D.: Questo legame tra informazione e territorio è particolarmente sentito dalle testate locali come la nostra o come Radio Speranza. Qual è il valore sociopolitico di questa capillarità?

Tarcisio Mazzeo: Ho sempre vissuto il mio lavoro come uno strumento per sviluppare consapevolezza. Per me, la qualità e la quantità di giornalismo presente in un Paese misurano con precisione matematica il suo tasso di democrazia e di libertà sostanziale. L’informazione è il primo, fondamentale passo verso la conoscenza, e la conoscenza è l’unico motore per la crescita di una comunità. Ma per fare questo non si può rimanere seduti dietro una scrivania, né limitarsi a fare telefonate o a guardare i social. Il giornalista deve stare in mezzo alla gente, andare sul posto e stabilire un contatto umano, perché le persone hanno bisogno di questo confronto diretto per esprimere i propri bisogni reali.

Il futuro dell’Alto Tammaro: cultura, comunità e nuova umanità

D.: Torniamo al Sannio. Le aree interne campane soffrono di uno spopolamento drammatico e di una grave crisi culturale. Ritiene che si possa invertire questa rotta?

Tarcisio Mazzeo: È una sfida complessa, ma ci sono segnali importanti.

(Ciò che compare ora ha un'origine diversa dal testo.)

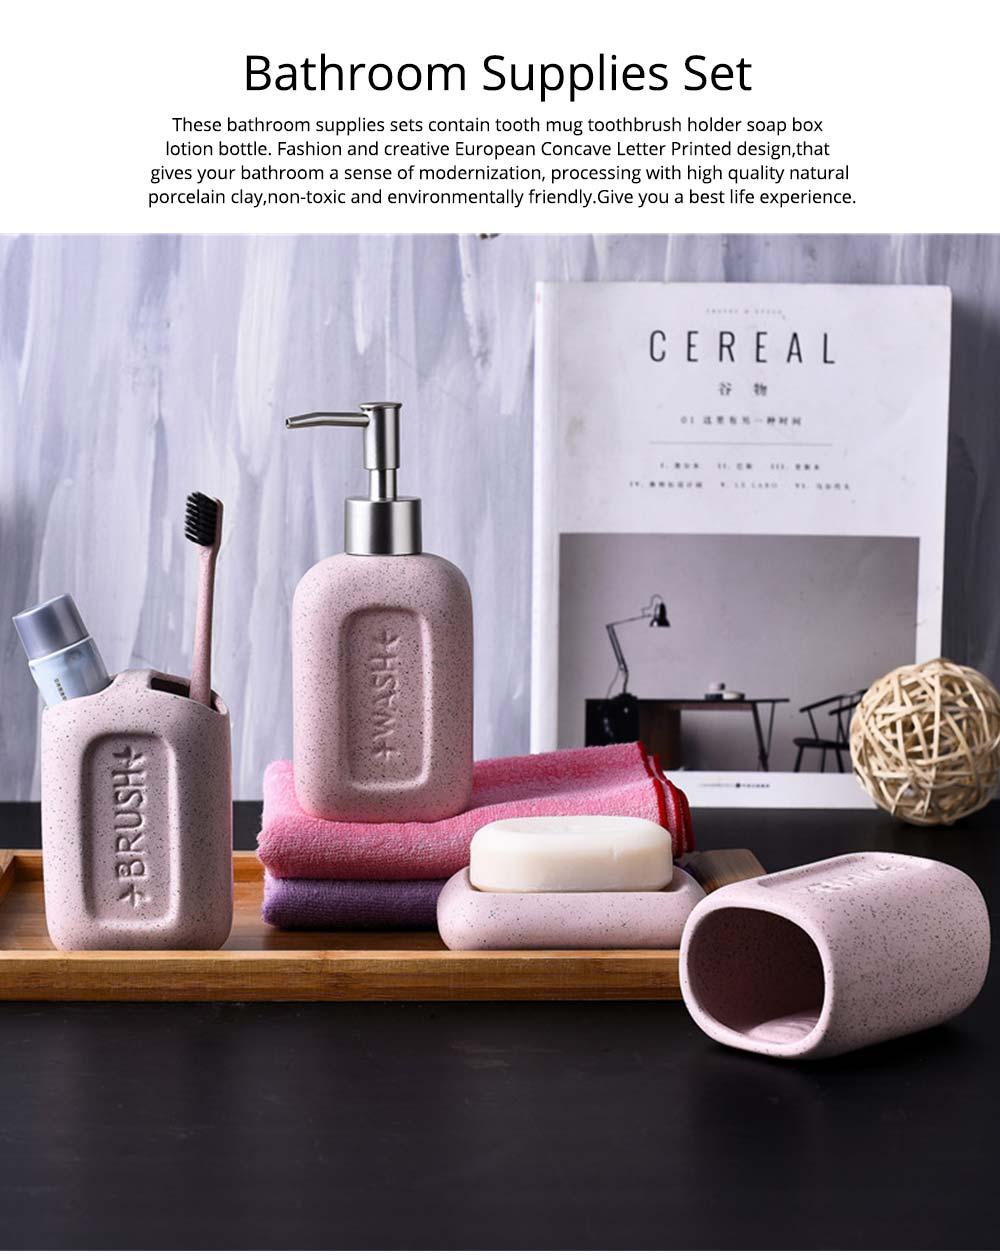 Creative European Ceramic Bathroom Supplies 4 pieces Set Concave Letter Printed Sanitary Ware 0

Seguendo le vicende di Campolattaro, ad esempio attraverso i social, ho visto nascere bellissime realtà: l’Orto Botanico del Sannio, la formula dell’albergo diffuso e cartelloni culturali estivi che hanno portato nel nostro paese musicisti di musica classica di altissimo livello. Forse queste iniziative non risolveranno da sole il problema demografico, ma di certo contribuiscono a maturare un’idea forte di paese e di comunità, riempiendola di significati e contenuti. Una comunità ha bisogno di queste occasioni per svilupparsi, per avere la misura della propria esistenza e la voglia di arricchirla. Per tutelare le nostre radici servono amore, rispetto per la storia e, soprattutto, conoscenza: senza la conoscenza non può esserci l’amore né la disponibilità a impegnarsi per il proprio territorio.

D.: Accanto a chi parte, però, ci sono anche persone che arrivano da contesti lontani. Come si inserisce il fenomeno migratorio in questa dinamica?

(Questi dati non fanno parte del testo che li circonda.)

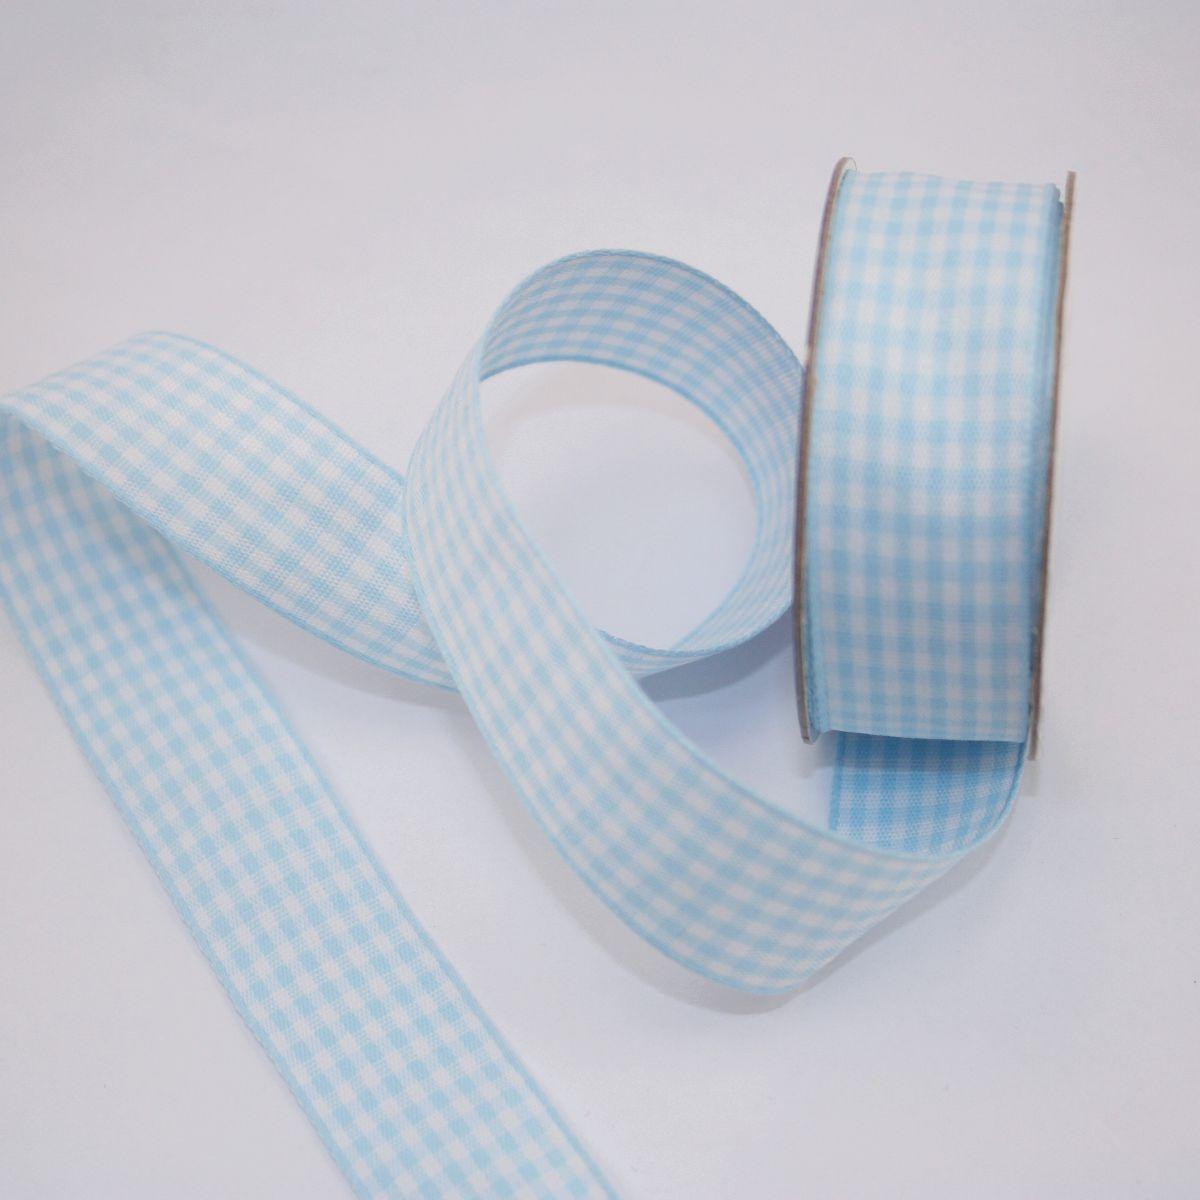 Ruban vichy en bobine bleu ciel 20 mm

Tarcisio Mazzeo: Dobbiamo fare i conti con la realtà: c’è una “nuova umanità” che sta prendendo il posto di chi se n’è andato. Parlo dei migranti, persone che arrivano oggi esattamente come siamo arrivati noi a Genova nel 1965. Non si tratta di retorica, ma del naturale movimento di generazioni e popolazioni che da sempre caratterizza la storia dell’umanità. È pur vero che non abbiamo ancora trovato la chiave per costruire un rapporto che soddisfi pienamente tutti, ed è per questo che considero la gestione di questa convivenza uno dei compiti strategici più importanti che la mia generazione lascia in eredità a quelle successive.

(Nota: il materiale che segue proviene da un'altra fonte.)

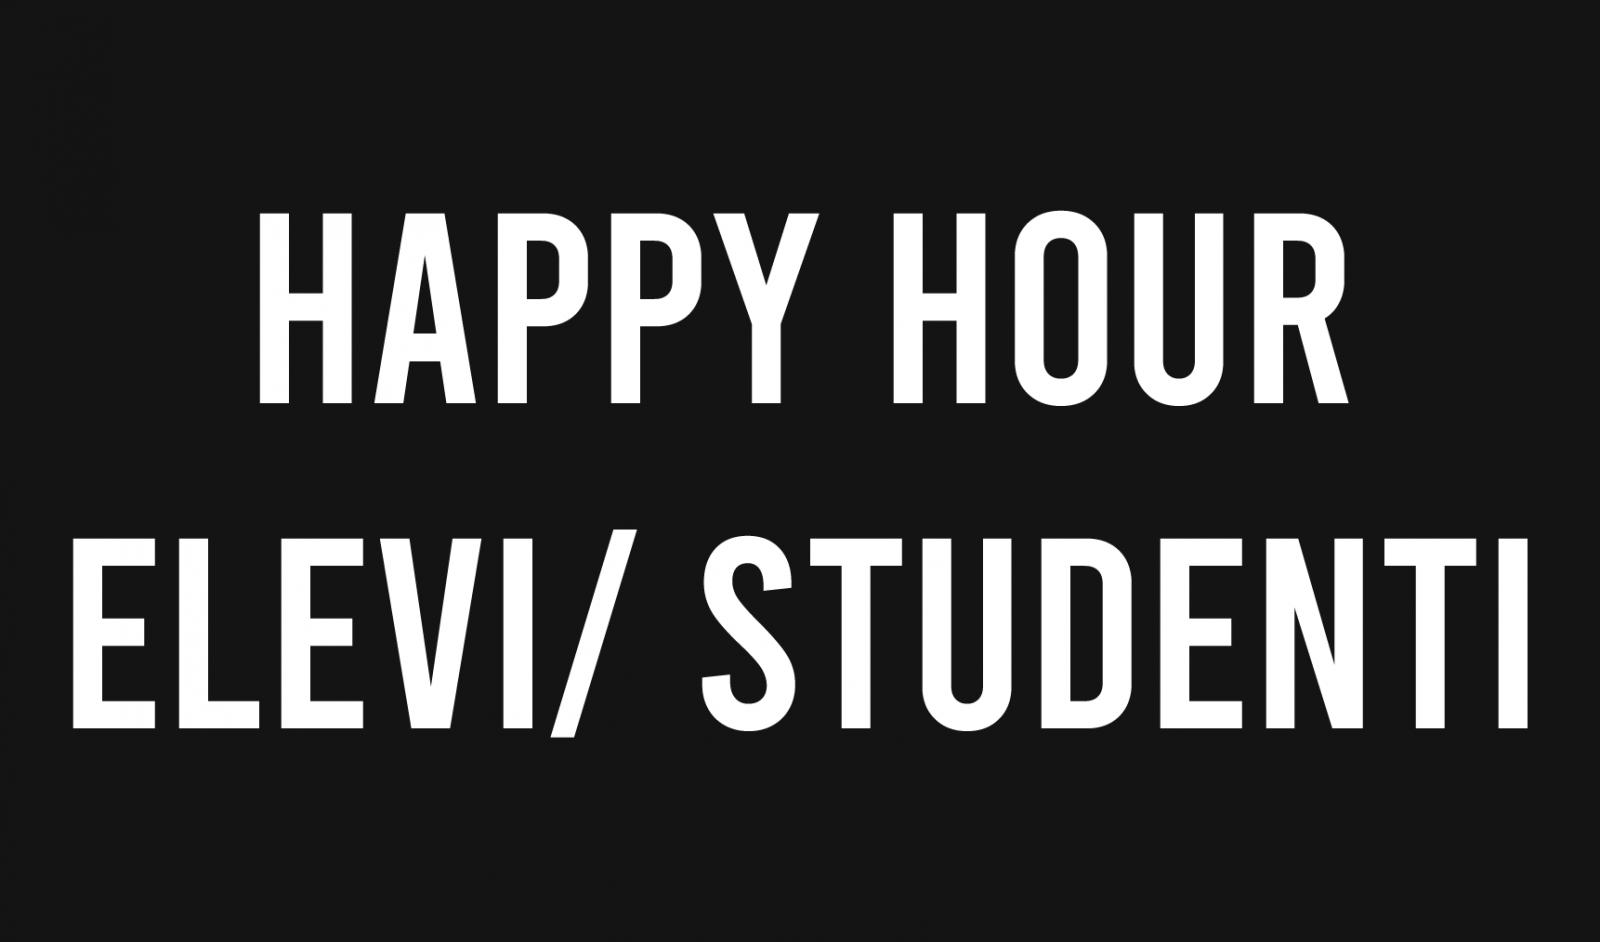 Happy hour Fitness pentru Elevi si Studenti

Un suggerimento ai giovani e l’invito al territorio

D.: In conclusione, Tarcisio, cosa si sente di dire a un giovane che oggi vive a Campolattaro o nell’Alto Tammaro e si interroga se valga davvero la pena investire e scommettere sul proprio territorio?

Tarcisio Mazzeo: Mi sento di dare lo stesso suggerimento che a suo tempo diedi ai miei figli. Io ho avuto la fortuna di poter scegliere la mia strada e ho sempre detto loro: “scegliete la vostra vita in modo autonomo, proprio come ho fatto io, ma fatelo con consapevolezza”. Il mio obiettivo come padre era crescerli in modo che, a 14 o 15 anni, non mi rispondessero con un semplice “boh” davanti alle scelte importanti. La vita è fatta di opportunità, che richiedono fatica, costruzione, ma che partono sempre dalla conoscenza e dalla capacità di crederci fino in fondo. Questo è il mio augurio per i giovani della valle del Tammaro.

D.: Grazie di cuore, Tarcisio. Campolattaro e l’intera valle l’aspettano.

Tarcisio Mazzeo: Sono io che ringrazio voi, Campolattaro e la valle del Tammaro. È meraviglioso sentirsi vicini alle proprie radici, che ciò avvenga leggendo una pagina social, navigando sul sito iltammaro.it o attraverso una telefonata. Sentire la voce delle persone ha un valore immenso che dobbiamo fare in modo di preservare il più a lungo possibile.

 

L’appuntamento: La cittadinanza è invitata a partecipare all’incontro pubblico con Tarcisio Mazzeo, che si terrà giovedì 27 agosto, alle ore 19, a Campolattaro. Un’occasione preziosa per ascoltare dal vivo le sue testimonianze e confrontarsi sul futuro delle aree interne.